David Karp Tumblr

Earlier this month, an excerpt from Nick Bilton’s forthcoming book about Twitter included a curious throwaway line that those of us in the tech world paid close attention to:

At Tumblr, the venture capitalists grew so impatient with its founder, David Karp, as he struggled to make the company profitable, they were discussing his removal before the site’s sale to Yahoo.

The statement wasn’t attributed to a source and offered no elaboration. But it wasn’t much of a surprise, either.

Since Tumblr’s $1.1 billion sale to Yahoo, reports painted a picture that Tumblr was teetering on the edge of disaster, and that the sale was Tumblr’s only chance at survival. The five-year-old company, which had raised $125 million in venture funding, had just $16.6 million left in the bank and had only earned $13 million in revenue in 2012. It wouldn’t be surprising if the company was considering a change in leadership, since product-obsessed Karp was not interested in the business side of the company.

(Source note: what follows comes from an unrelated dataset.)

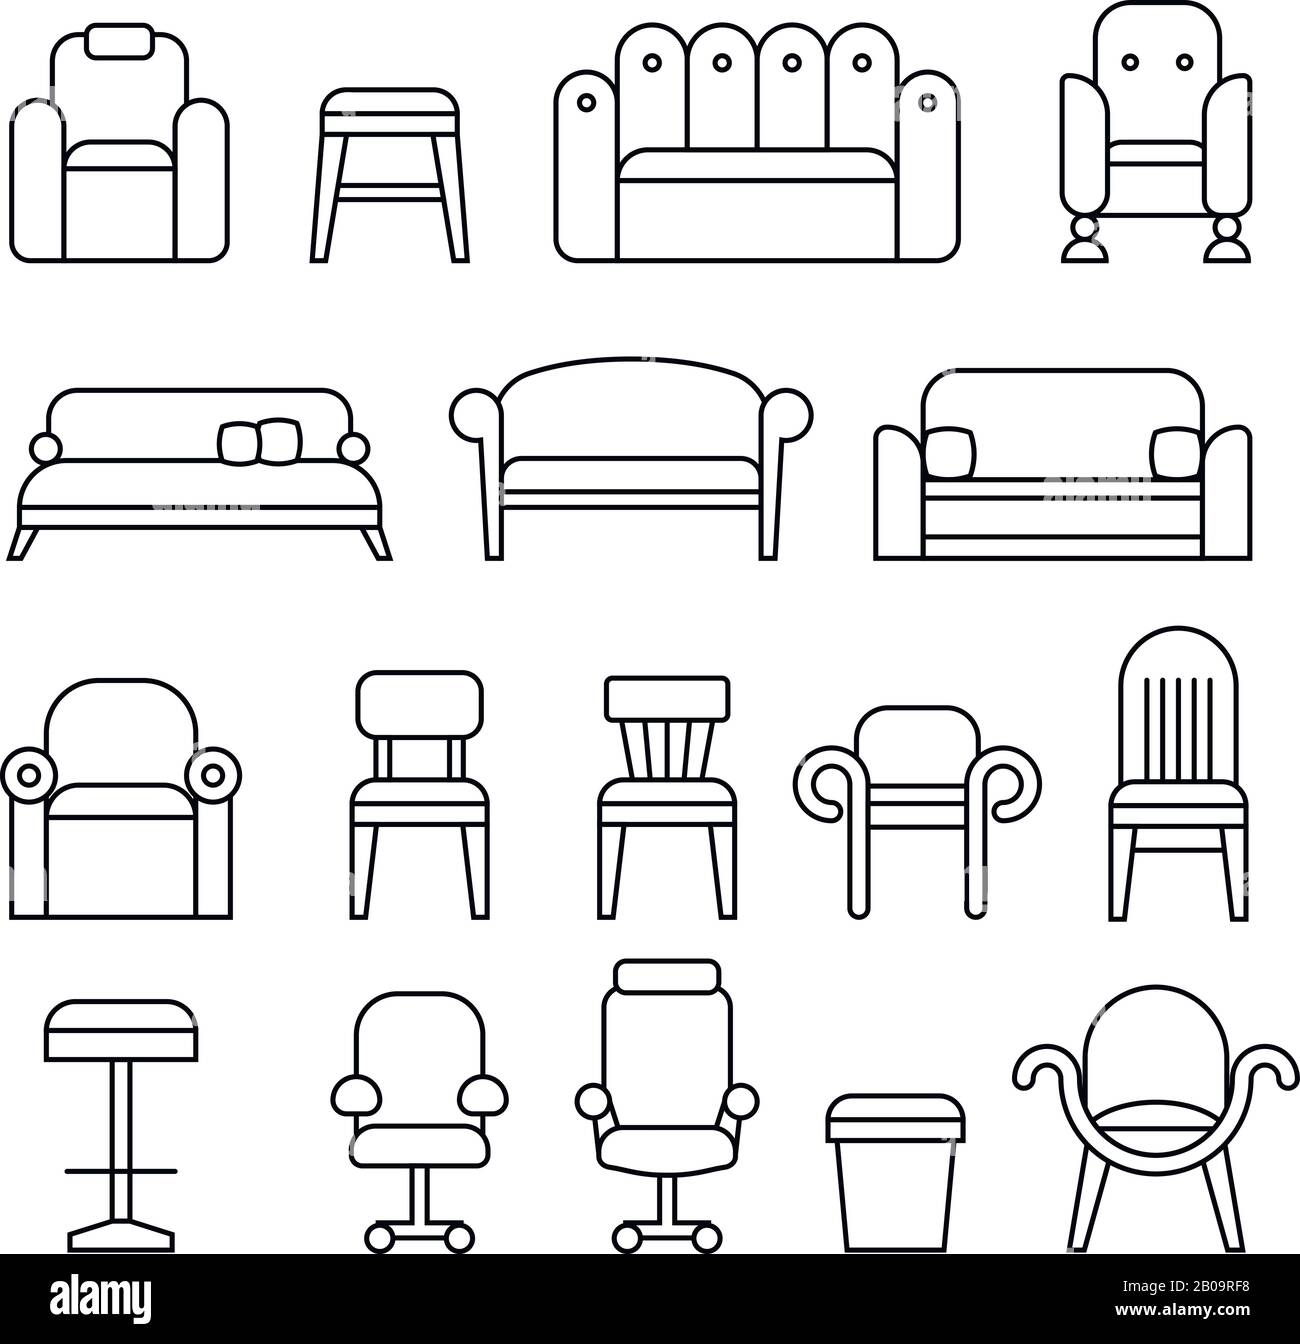 Furniture, chair, armchair, lounge, sofa, couch line vector icons. Linear furniture for sit, illustration of furnitures for interior Stock Vector
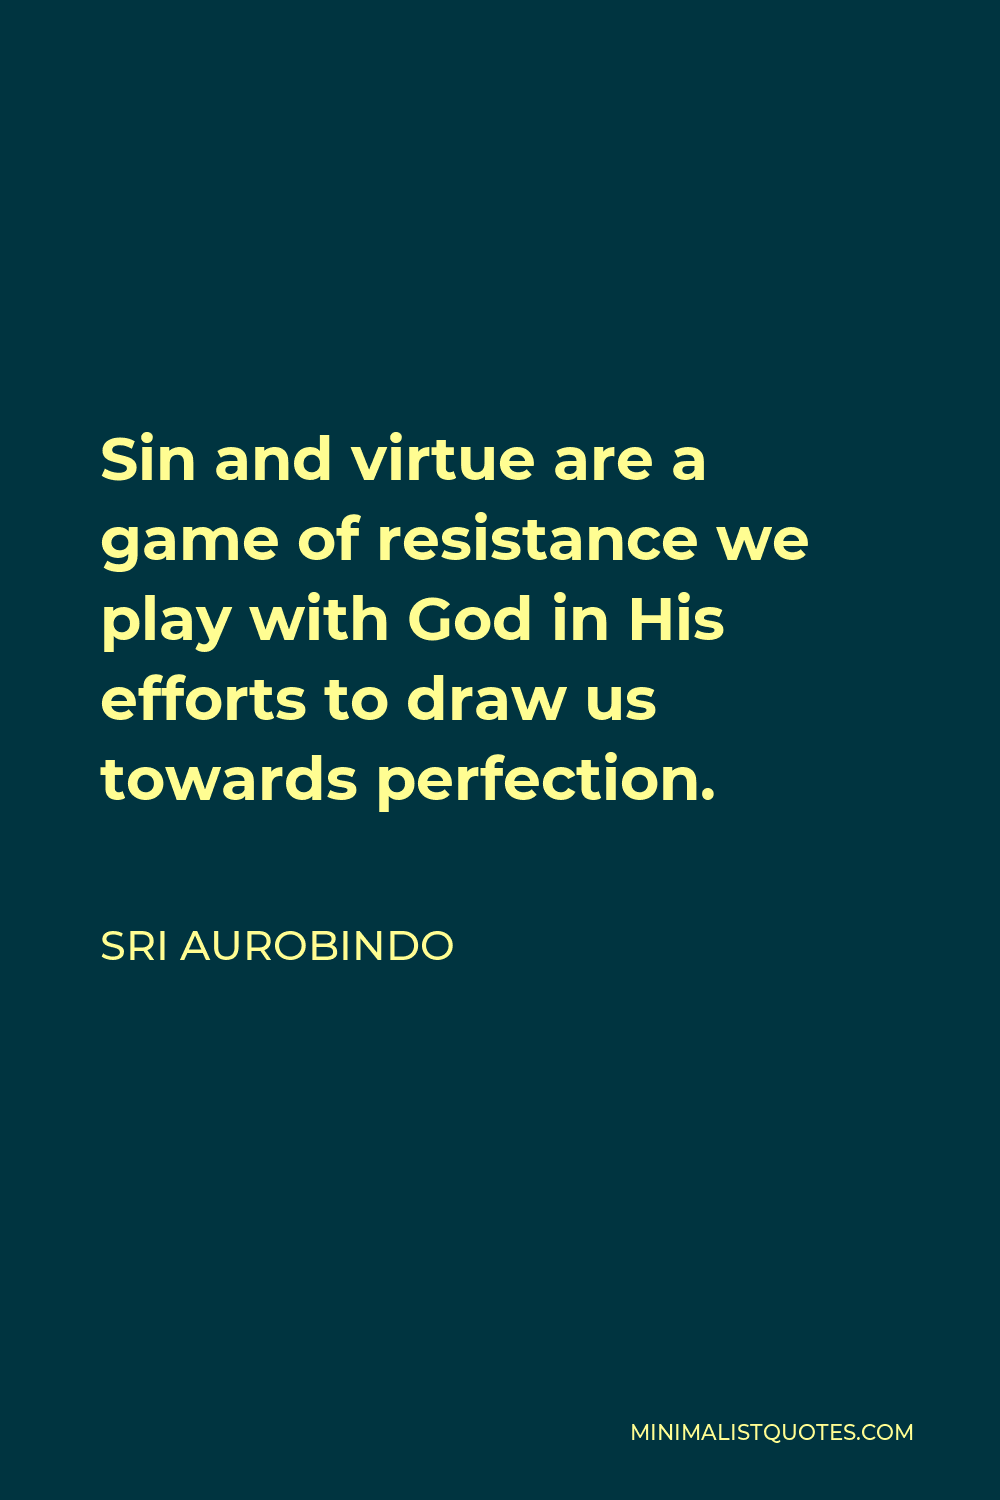 Sri Aurobindo Quote - Sin and virtue are a game of resistance we play with God in His efforts to draw us towards perfection.

Today, on stage at Business Insider’s Startup conference, early Tumblr investor Bijan Sabet of Spark Capital denied that report. “David’s job was never in danger,” he said. “We never talked about getting a new CEO.”

The company was having ongoing discussions with potential COOs. In fact, Tumblr is still in search of its Sheryl Sandberg — an experienced operator to come in and run the company alongside its product-focused founder and CEO the way Sandberg does alongside Mark Zuckerberg at Facebook.

“Financing was never a problem, Sabet said. “We just decided to sell the company.”

About that. If David Karp simply needed a Sheryl Sandberg, then why did the company sell before it found one?

Sabet says he doesn’t think Karp would have sold if YouTube’s sale to Google and Instagram’s sale to Facebook hadn’t happened. Those deals set the precedent that it’s possible to keep large consumer-facing acquisitions independent. It was easier to believe Marissa Mayer when she said Tumblr could stay independent in a deal, since she was at Google when the company bought YouTube.

“If those two deals wouldn’t have happened, it would have been harder to believe,” he said.

Either way it worked out well for Sabet — Spark Capital reportedly earned almost $200 million on its $13 million investment in Tumblr.